Exclusive: Chris Middleton reports from the first RegTech for AML conference in London.
Last year the UK spent roughly $5 billion on compliance, the banking sector filed nearly half a million suspicious activity reports (SARS), and yet there were almost no prosecutions: evidence that the fight against money laundering may need to be shifted away from quantity, and towards a more qualitative approach.
This was one of the takeaways from the inaugural Transform Finance RegTech for AML Forum on 2 May, which took place deep in the heart of the UK banking sector: Canary Wharf.
Chair of the morning session, Sam Sheen, ex ante advisor, observed that the historic cultural divide in financial services, between those involved in technology and those working in finance, is falling away, but leaving an industry with silos of expertise and activity rather than concerted, sector-wide action.

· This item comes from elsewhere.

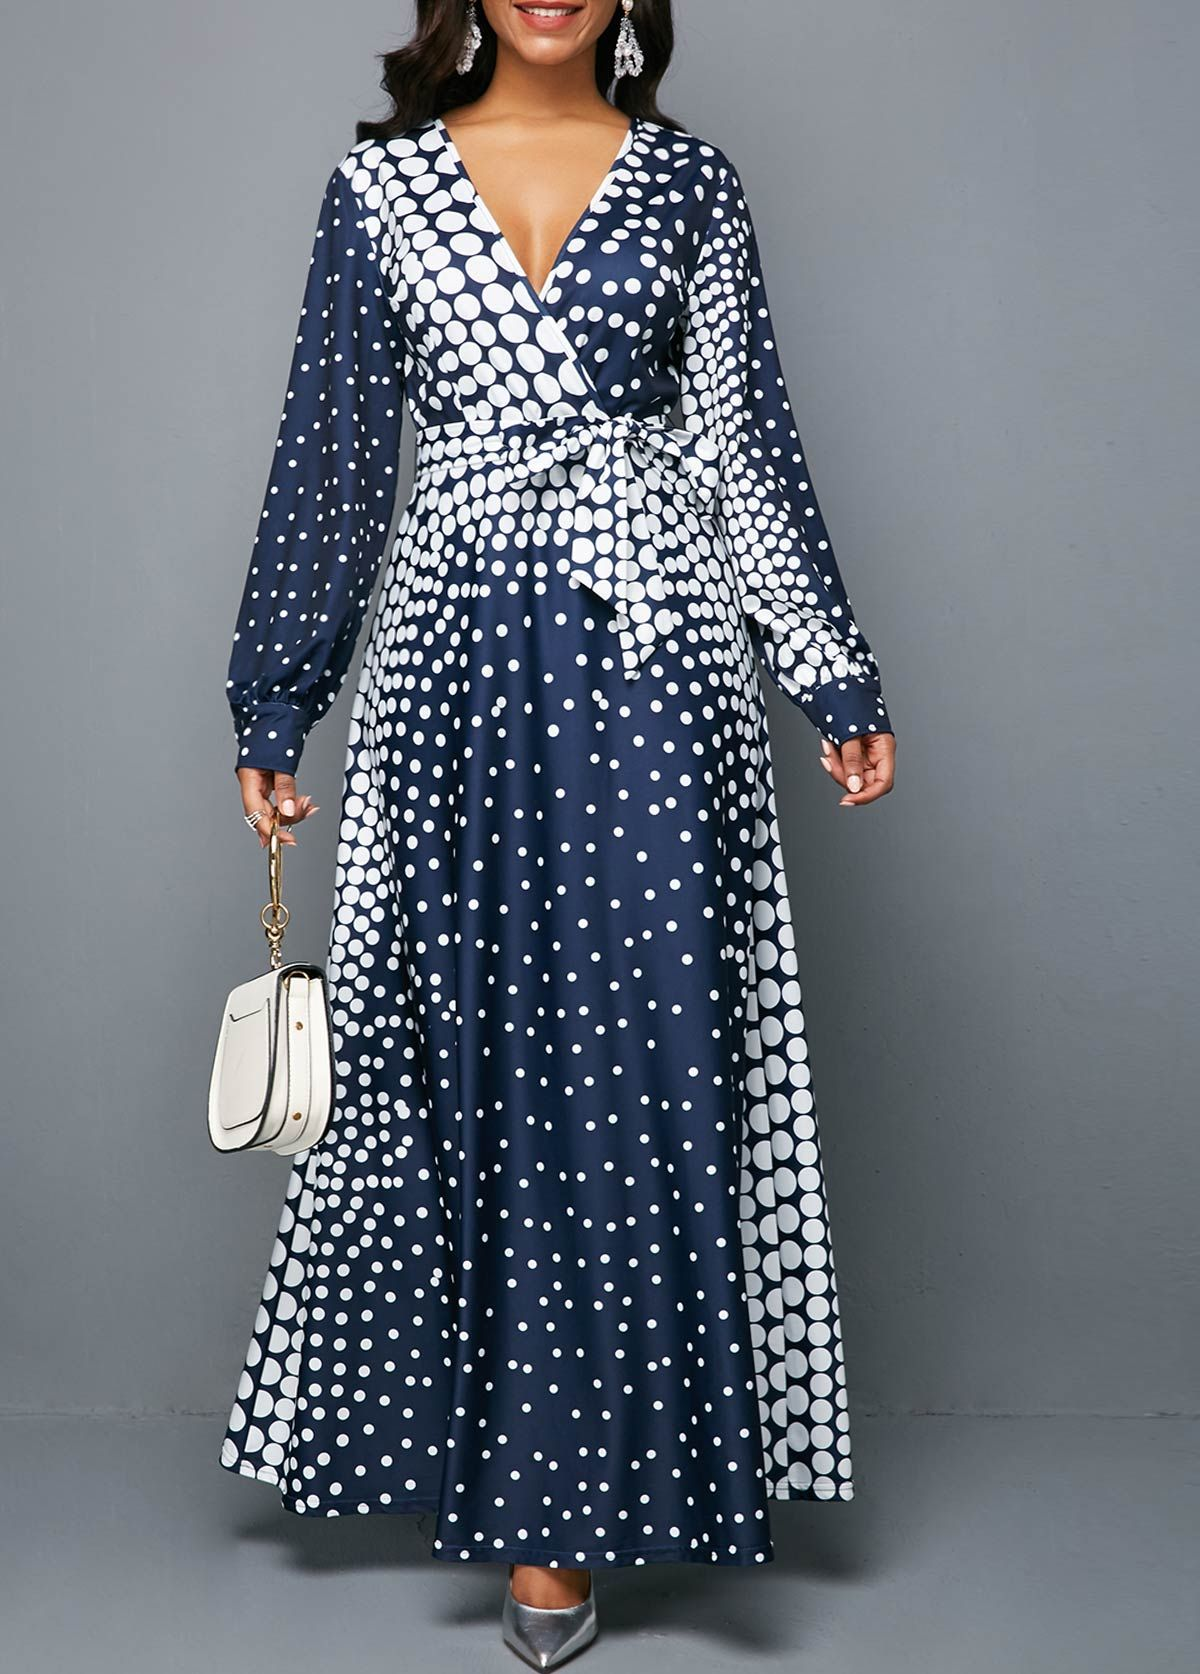 Long Sleeve Polka Dot V Neck Belted Maxi Dress Fashion Dresses Online African Dresses Modern Long Sleeve Black Maxi Dress [ 1674 x 1200 Pixel ]

Speaking under Chatham House rules (in which a discussion can be reported, but not a named speaker), one panellist complained that compliance professionals are being asked to be Sherlock Holmes when that is not their prime purpose. A delegate observed that organised criminals are being faced with a “police force of one” in some organisations – an unequal fight that banks can’t hope to win without the aid of better technology.
But to inform that technology demands better, cleaner, consistently tagged, non-redundant data that banks are legally allowed to maintain. One delegate observed that he had “never encountered a data lake”, but “had encountered many data swamps”. More, the twin cycles of technology development and regulation often fail to coincide.
Priya Giuliani, Managing Director of Financial Crime Risk Management at the Promontory Financial Group (part of IBM), observed that many banks still hold incomplete or out-of-date information – often electronically on systems that don’t talk to each other, and sometimes still on tape or paper.
Automating transaction monitoring is another major challenge, she observed. Others include the risk of straying into areas that are not regulatory requirements, such as media monitoring.
To continue the process of enabling anti-money-laundering with smarter technologies, the industry needs to drop the acronyms and focus on customer need, Sheen suggested – a tough challenge for tech providers when inventing jargon is their stock-in-trade.
Another challenge in a sector that is becoming more tech enabled is the need for transparency, accountability, and audit, especially when KYC decisions or SARs have been raised via inference or predictive analysis. In short, can banks show their workings and create a legally sound case if someone has been denied services? As one panellist observed, fuzzy logic is not recognised in law.
In all cases, AML and compliance should be a pragmatic, strategic, and forward-looking process, and not a reactive, box-ticking exercise enabled by point solutions.
But technology can help. John Asprey, Regulatory Compliance Solutions Lead at Promontory, outlined how the company developed a system to slash the high numbers of false positives for one major bank, which is now being piloted by others. In these instances, banks want reduced volumes, but also greater insight.
Another big-picture money-laundering problem facing banks is related to sanctions. Head of Sanctions at a major European bank stressed that they are always a political issue – a challenge in an era in which the US, in particular, is running its foreign policy aims through its trade and financial agreements. (The UK’s face-off with the US over Huawei is an example of this in another sector.)
In such an environment, how can banks adopt a global approach to preventing financial crime when the US is at loggerheads with the EU and UK over regimes such as Iran?
In these instances, there can be conflicts between primary and secondary sanctions for institutions that have a footprint on both sides of the Atlantic. In a sense, a global industry may have little choice but to follow the path of least resistance and avoid the risk of punitive action; a troubling state of affairs if this clashes with European policy objectives.
With Brexit on the horizon, the UK is likely to take a more independent approach in the years ahead, having been at the core of European financial policy making in recent years. Whether the UK chooses to align more closely with the US is, at this stage, impossible to predict.